EOS PERFORMANCE TRADE-OFFS: Higher safety → lower raw throughput (for same hardware): at-most-once (acks=0): ~maximum throughput, highest risk at-least-once (acks=1, retries): ~90% of maximum, low risk exactly-once (transactions): ~60-80% of maximum, no duplicates/loss For financial systems: throughput reduction is acceptable cost of correctness. For high-volume analytics: at-least-once + idempotent consumers often sufficient.
Key Points
- Exactly-once semantics guarantees each message is processed and its effect applied precisely one time — no loss, no duplicates.
- EOS requires two components: idempotent producers (prevent broker-side duplicates) and transactions (atomic read-process-write across partitions).
- The transactional.id uniquely identifies a producer's role. New instances fence stale zombie producers using epoch numbers.
- sendOffsetsToTransaction() commits the consumer group offset inside the transaction, making the read and the write atomic.
- Consumers must use isolation.level=read_committed to skip aborted and in-progress transaction messages.

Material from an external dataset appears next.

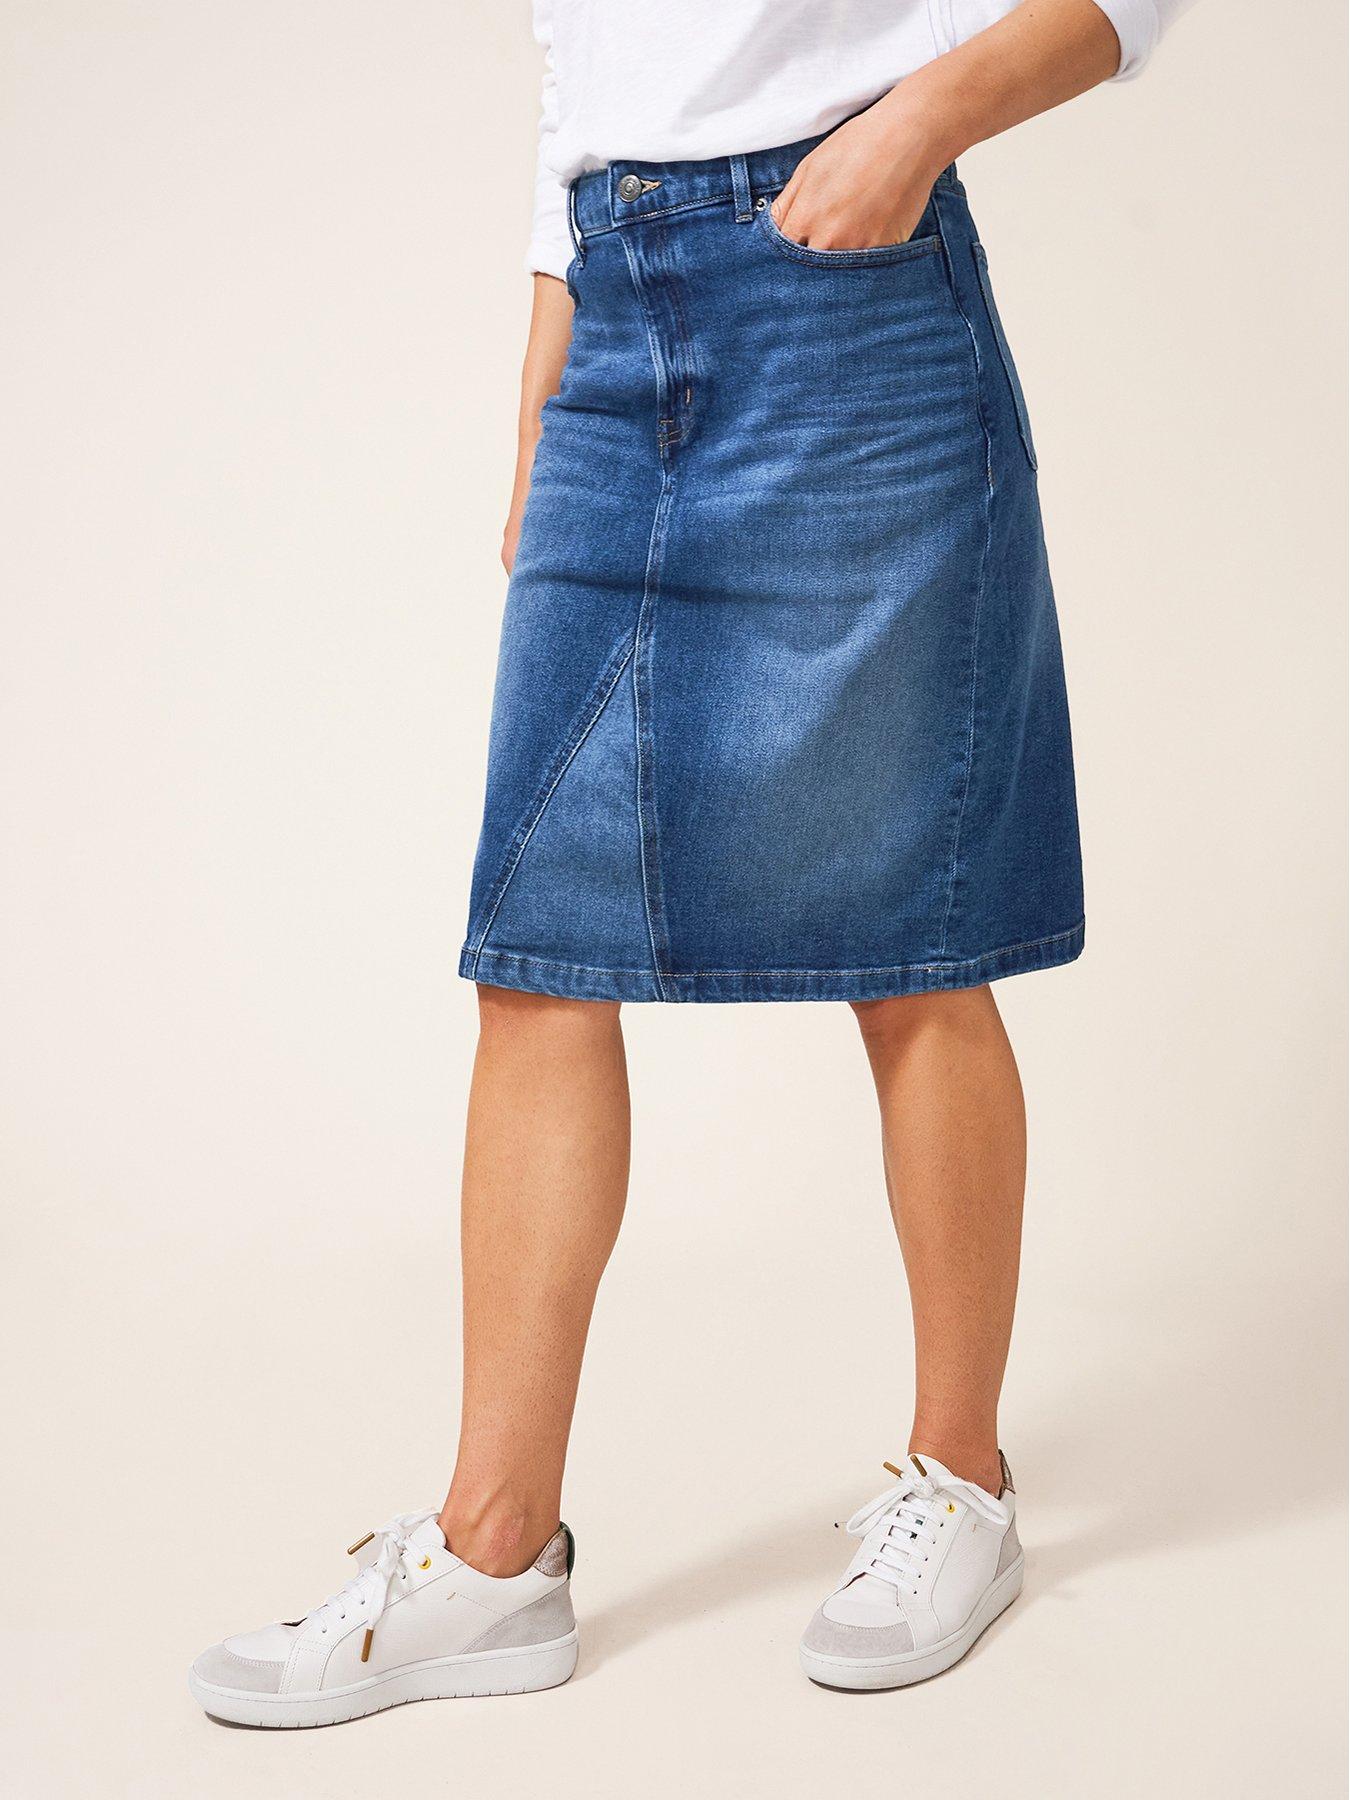 Womens High Waist Denim Skirt Stretch Pencil skirts Knee Size 10 12 14 8 16  Blue | eBay

- Kafka Streams simplifies EOS with a single configuration: StreamsConfig.EXACTLY_ONCE_V2. It handles all transaction lifecycle management automatically.
- EOS adds 20-40% throughput overhead. Use it where data correctness is non-negotiable. Use at-least-once with idempotent consumers for high-volume scenarios where duplicates can be tolerated or deduplicated.